En la vida espiritual la fortaleza ha jugado siempre un papel decisivo: es “virtud estratégica”. Como afirma Tomás de Aquino, la fortaleza, entendida como firmeza de ánimo, es una “virtud general”, condición necesaria de toda virtud[11]. Y la detallada descripción que hace de ella Bernabé Tierno confirma esta visión estratégica de la fortaleza en la vida humana: “La fortaleza es voluntad-acción, dominio de uno mismo, temple de ánimo, superación y esfuerzo del día a día, control de instintos y emociones, perseverancia, tozudez inteligente y apasionada ante las dificultades, vigor psíquico, impasibilidad razonada, compañera inseparable del júbilo, fuerza moral, coraje y audacia, razón, reflexión y sentido de la medida (…). En definitiva, una mezcla de valor, de prudencia y de perseverancia en la misma proporción”[12].
Podemos decir que la fortaleza es imprescindible en todo el entramado de la vida espiritual: no hay decisión o compromiso, virtud o actitud, que sean posibles sin coraje, sin firmeza, sin renuncia, en una palabra, sin fortaleza. En la fragilidad y vulnerabilidad frente a la presencia del mal en la historia, en la lucha interior que se desarrolla en el corazón de la persona que busca la verdad, el bien, el sentido de la vida, el cristiano descubre una realidad que le asiste y sostiene. Es el Espíritu de Dios como amor, como luz, como fuerza: “Saldrá un vástago del tronco de Jesé, y un retoño de sus raíces brotará. Reposará sobre él el espíritu de Yahveh: espíritu de sabiduría e inteligencia, espíritu de consejo y fortaleza, espíritu de ciencia y temor de Yahveh” (Is 11, 1-2). En el evangelio de Lucas (Lc 4, 16-20), en la escena programática de Jesús en la sinagoga de Nazaret, él confirma que el Espíritu del Señor está sobre él, porque lo ha ungido para anunciar a los pobres la Buena Noticia.
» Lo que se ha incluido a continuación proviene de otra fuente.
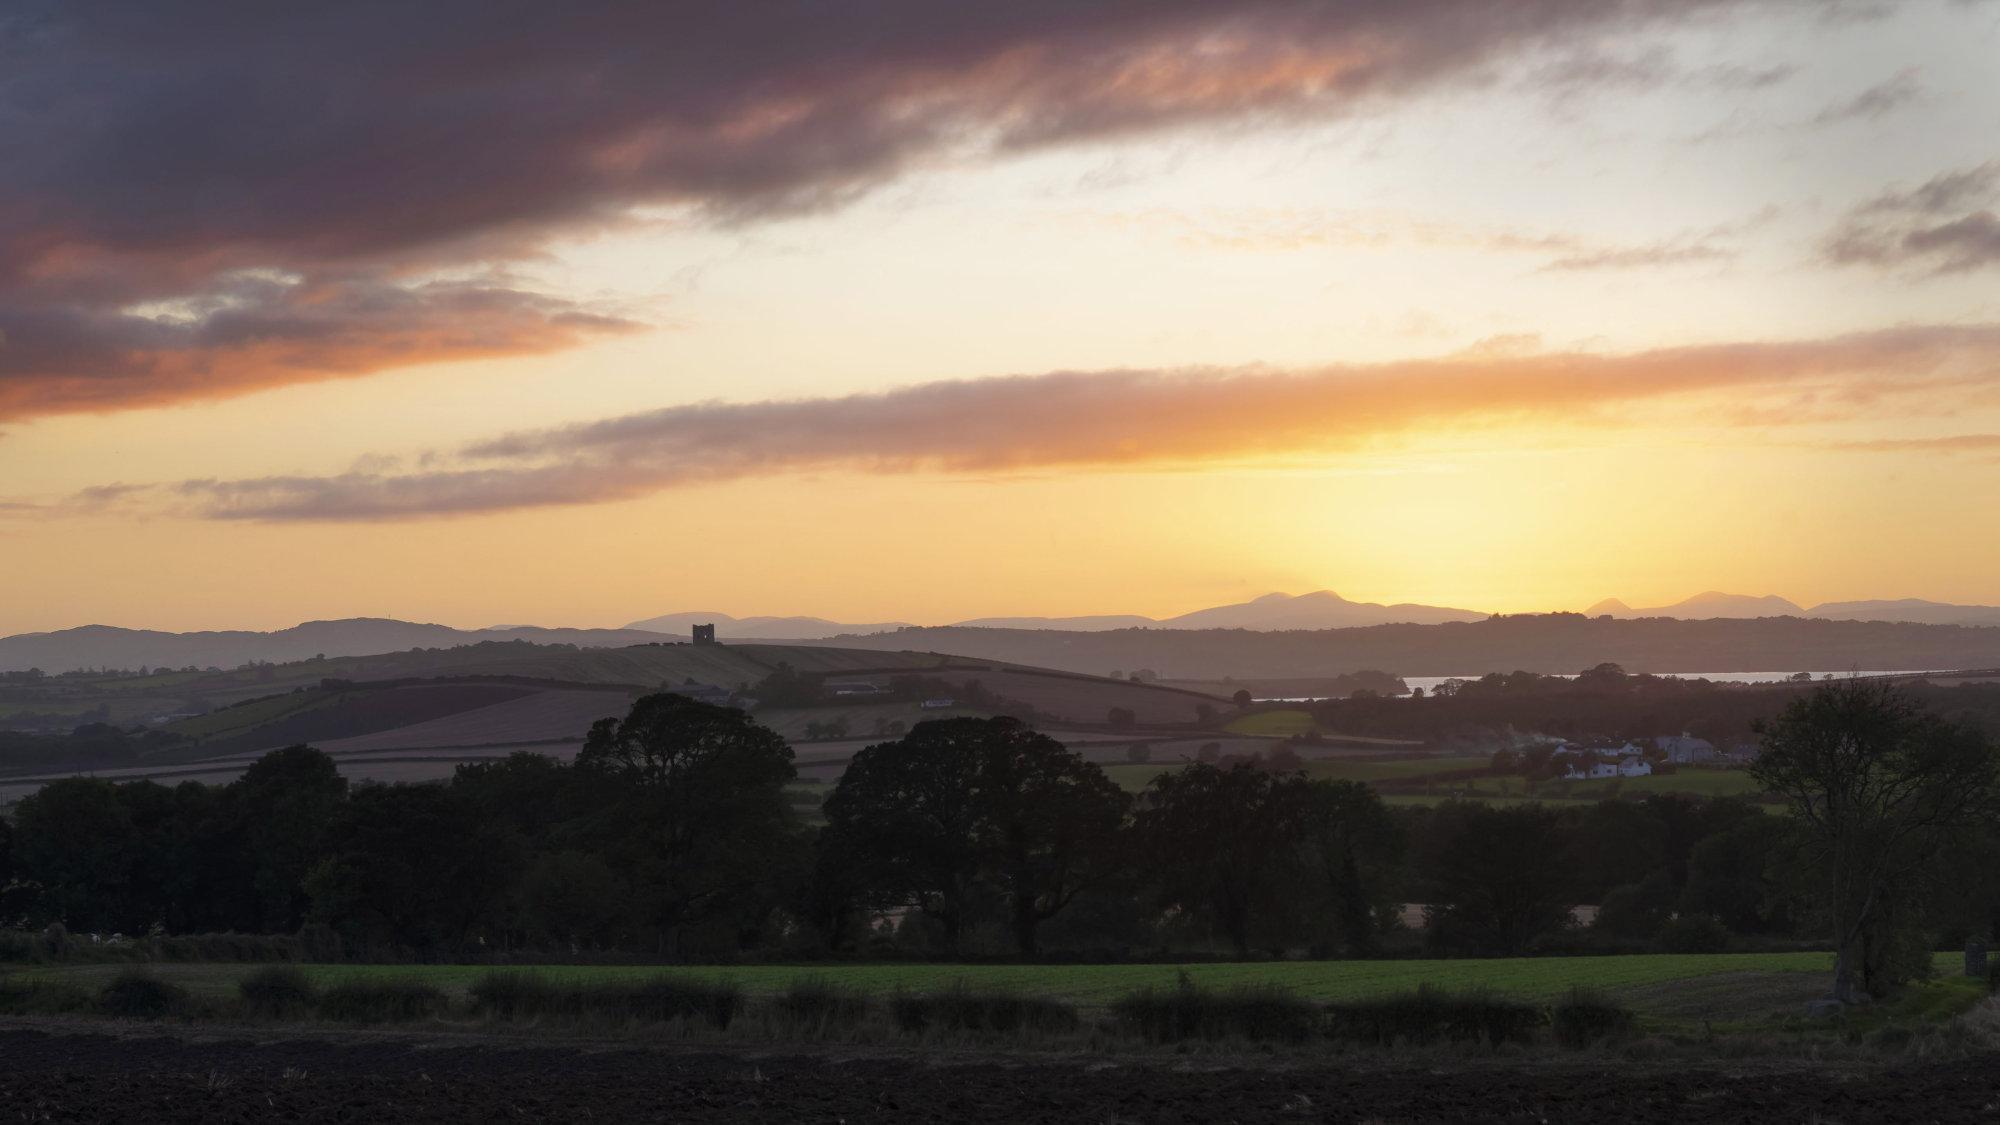 Burt Castle at sunset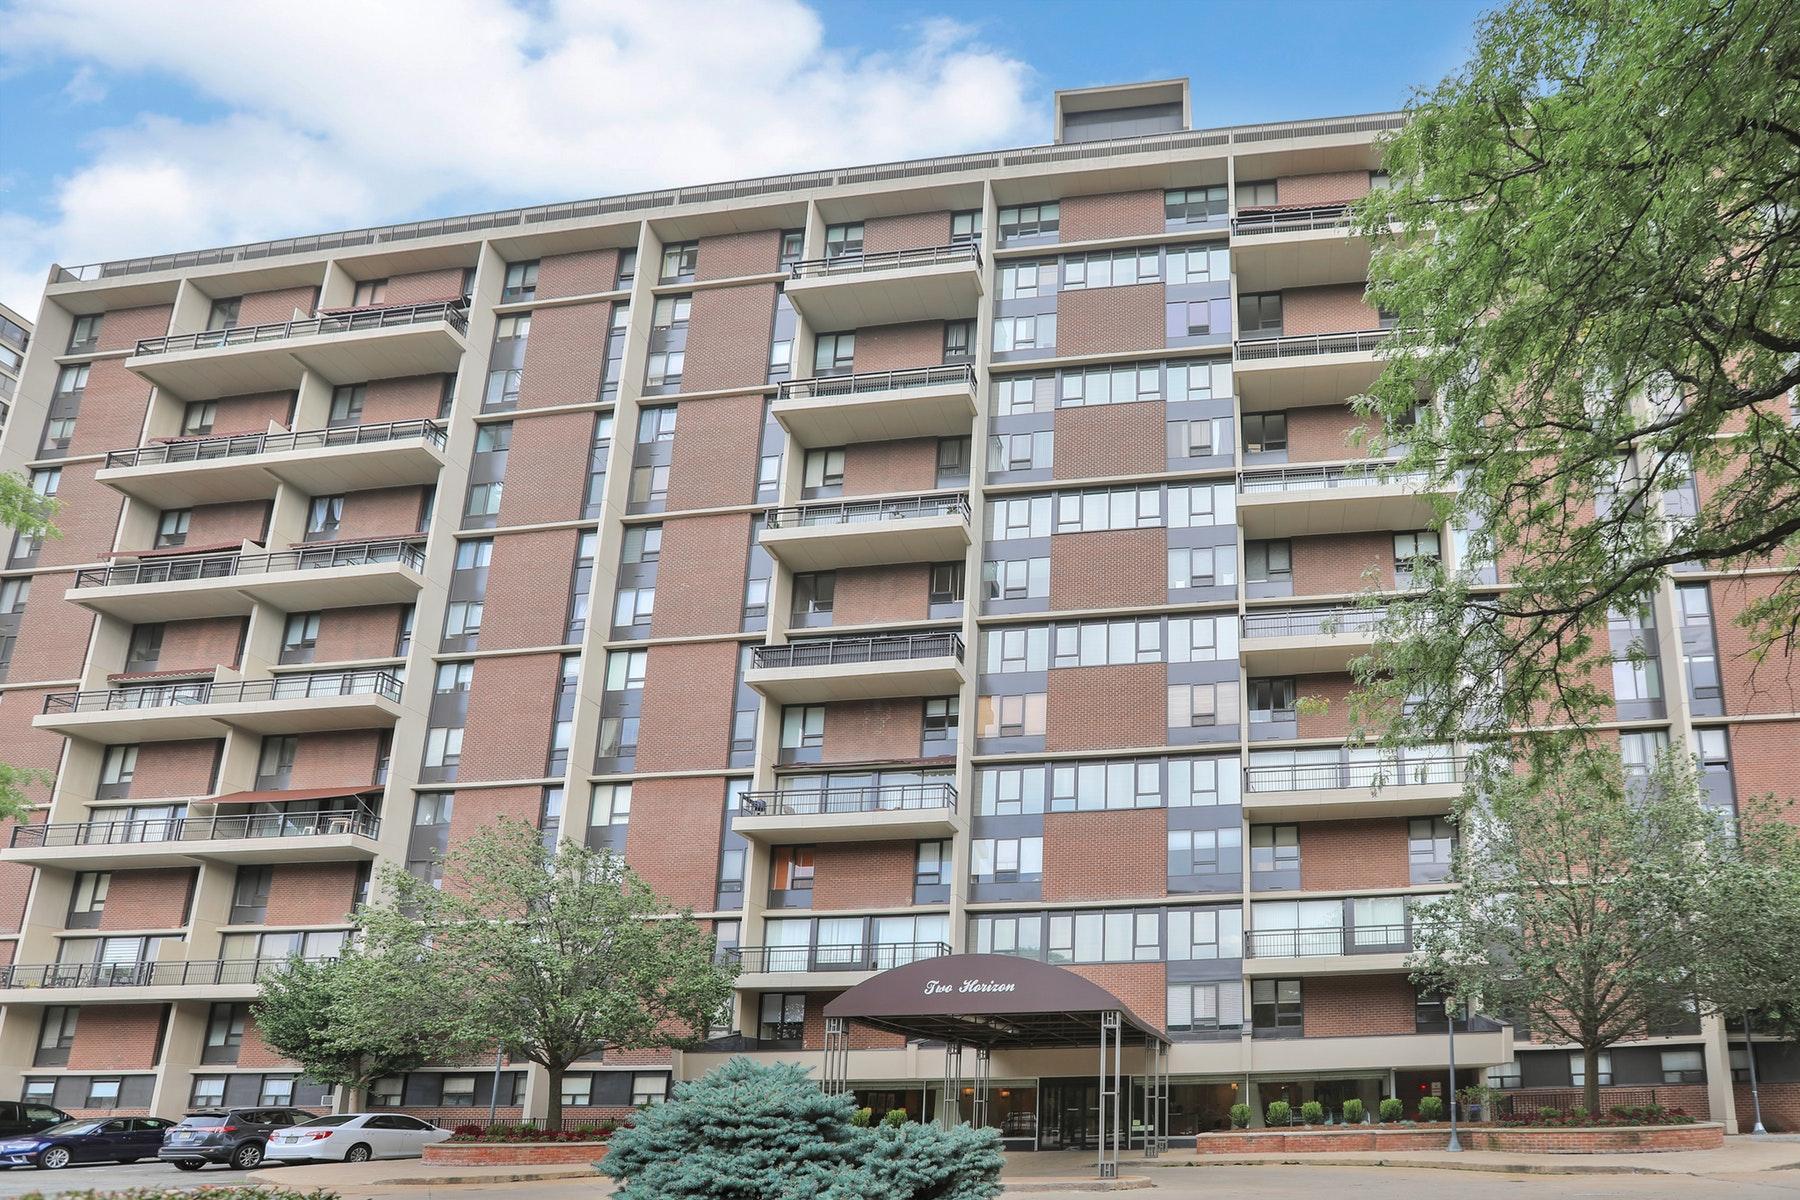 Co-op Properties para Venda às Horizon House 2 Horizon Rd #802, Fort Lee, Nova Jersey 07024 Estados Unidos

Según la fe cristiana el Espíritu Santo guía y sostiene el corazón del que busca, consciente o inconscientemente, el encuentro con el Misterio de Dios. El Espíritu es la brújula que orienta y la luz que ilumina el camino hacia el encuentro con Dios Padre, revelado en Jesús el Señor. Vivir de la bondad infinita del Padre, imitar esa bondad incondicional en la fragilidad y debilidad, con los condicionamientos de todo momento histórico en el seguimiento concreto de Jesús es nuestra gran tarea como cristianos.
Este seguimiento de Jesús sólo es posible por la presencia del Espíritu que nos capacita para vivir el amor del Padre y la compasión de Jesús en los límites de nuestra vida diaria. El Espíritu es el principio generador y animador de todo el desarrollo de nuestra experiencia religiosa, de nuestra vida teologal con su gracia, con su luz, con su fuerza. La vida según el Espíritu es la vida como hijo adoptivo de Dios, en una decisión libre, sostenida por las virtudes teologales de la fe, la esperanza y la caridad (cf. Rom 8, 14-17).
En el camino de maduración de esta experiencia teologal van surgiendo preguntas, dudas, dificultades, oscuridad: el corazón humano se resiste a entregarse definitivamente y a nuestra inteligencia le cuesta abrirse al Misterio. La certeza de la fe se funda en el compromiso de Dios con nosotros, con la historia, con la búsqueda de salvación del ser humano. La verdad de Dios, que es lo mismo que decir su misericordia, su gracia, su fuerza son el fundamento de nuestra fe y la roca firme que nos sostiene ante la fragilidad de nuestra opción, ante los límites de nuestra inteligencia, en la debilidad de nuestra voluntad, en las experiencias del sufrimiento y de la muerte que golpean nuestra sensibilidad y oscurecen nuestro horizonte humano y creyente, y que hacen tambalear también nuestra esperanza.
La soledad, la vivencia de los propios límites y de la precariedad de nuestros proyectos humanos, el esfuerzo constante por lograr la comunión a pesar de los fracasos en la fraternidad, no nos ahorra la prueba del cansancio que a veces ahoga la esperanza. Cultivar la esperanza supone vivir con misericordia, inclinarse sobre el ser humano y sostenerlo en su caminar a través de la historia, luchar contra el poder de la muerte y de sus manifestaciones (cf.1 Cor 15, 26), resistiendo a toda clase de ídolos, huyendo del fatalismo y también de las pretensiones autosuficientes.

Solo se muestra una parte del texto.